In this paper, we show the surprising result that no completely asynchronous
consensus protocol can tolerate even a single unannounced process death. We do
not consider Byzantine failures, and we assume that the message system is reliable it
delivers all messages correctly and exactly once. Nevertheless, even with these
assumptions, the stopping of a single process at an inopportune time can cause any
distributed commit protocol to fail to reach agreement. Thus, this important
problem has no robust solution without further assumptions about the computing
environment or still greater restrictions on the kind of failures to be tolerated!
Crucial to our proof is that processing is completely asynchronous; that is, we
make no assumptions about the relative speeds of processes or about the delay
time in delivering a message. We also assume that processes do not have access to
synchronized clocks, so algorithms based on time-outs, for example, cannot be
used. (In particular, the solutions in [6] are not applicable.) Finally, we do not
postulate the ability to detect the death of a process, so it is impossible for one
process to tell whether another has died (stopped entirely) or is just running very
slowly.

The Wikipedia summary is similar:

In a fully asynchronous system there is no consensus solution that can tolerate one or more crash failures even when only requiring the non triviality property.[11] This result is sometimes called the FLP impossibility proof. The authors Michael J. Fischer, Nancy Lynch, and Mike Paterson were awarded a Dijkstra Prize for this significant work. The FLP result does not state that consensus can never be reached: merely that under the model’s assumptions, no algorithm can always reach consensus in bounded time. In practice it is highly unlikely to occur.
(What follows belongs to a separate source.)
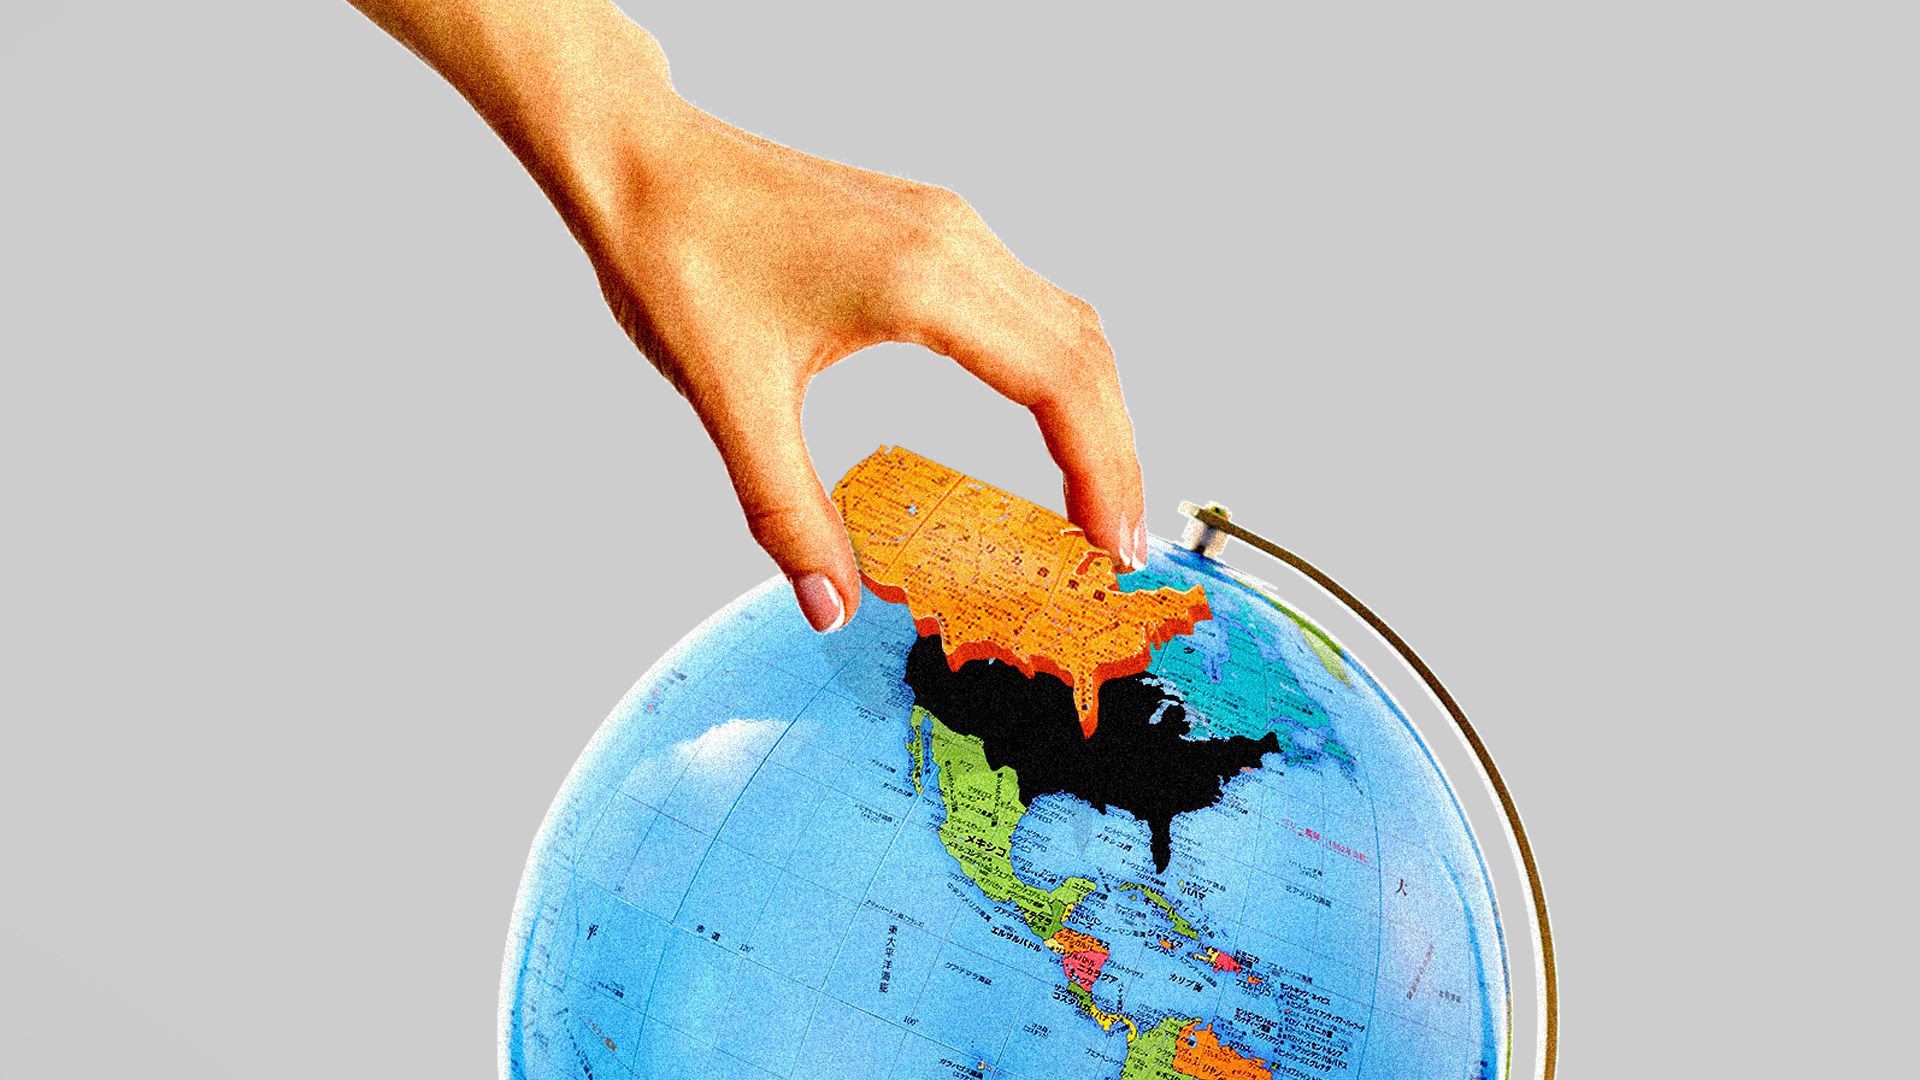 An illustration of the U.S. being taken off a globe
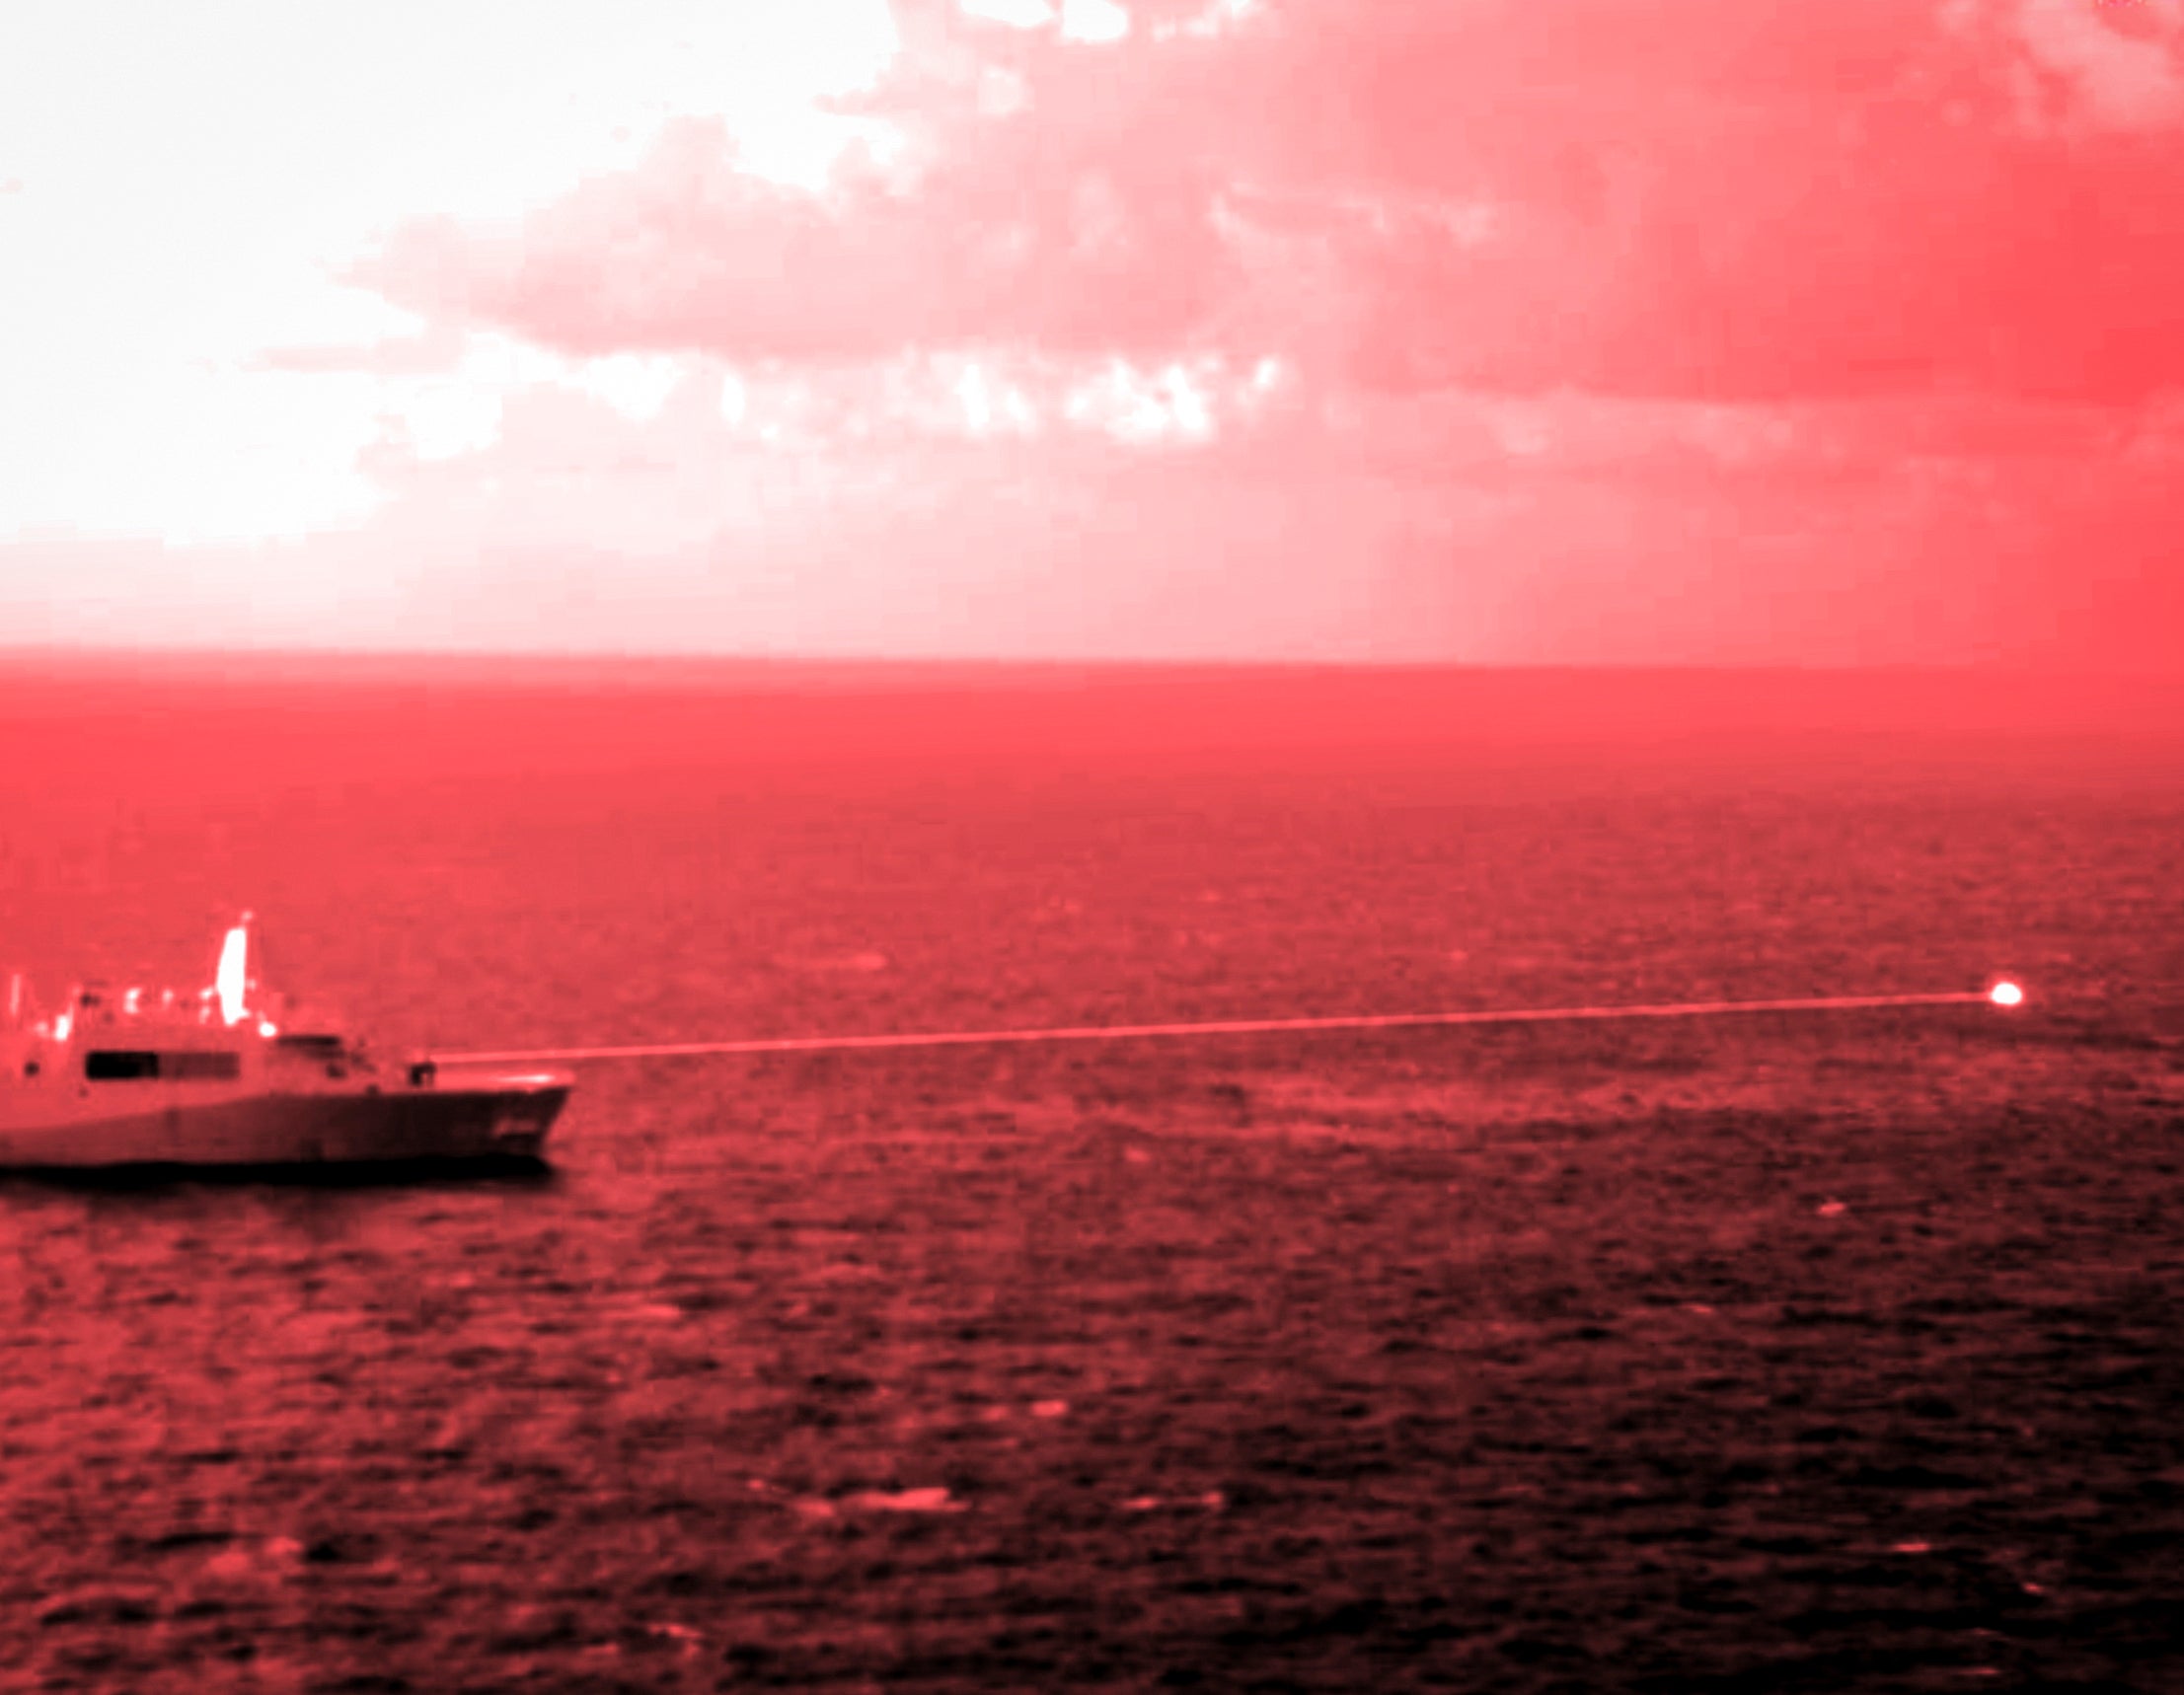 In this handout infrared photo from the U.S. Marine Corps, the USS Portland fires a laser weapon system at a target floating in the Gulf of Aden on Tuesday, Dec. 14, 2021. The U.S. Navy announced Wednesday it tested a laser weapon and destroyed a floating target in the Mideast, a system that could be used to counter bomb-laden drone boats deployed by Yemen's Houthi rebels in the Red Sea.

As far as I can tell the “surprising” result is that unbounded delays are not bounded. Without timeouts, we can not distinguish between a site B that will eventually send a message to site A and a site B that has failed (crashed) and will never send a message.

Why is clock synchronization so important in big data

Distributed transactions have historically been implemented by the database community in the manner pioneered by the architects of System R* [22] in the 1980s. The primary mechanism by which System R*-style distributed transactions impede throughput and extend latency is the requirement of an agreement protocol between all participating machines at commit time to ensure atomicity and durability. To ensure isolation, all of a transaction’s locks must be held for the full duration of this agreement protocol, which is typically two-phase commit.

The problem with holding locks during the agreement protocol is that two-phase commit requires multiple network round-trips between all participating machines, and therefore the time required to run the protocol can often be considerably greater than the time required to execute all local transaction logic. If a few popularly accessed records are frequently involved in distributed transactions, the resulting extra time that locks are held on these records can have an extremely deleterious effect on overall transactional throughput. [ Calvin: Fast Distributed Transactions for Partitioned Database Systems. Alexander Thomson et al]

This is one reason why we have all the new databases without transaction support – because high transaction rates in a distributed environment (e.g. web or IOT applications in the Cloud) cannot be scaled in face of lock overhead.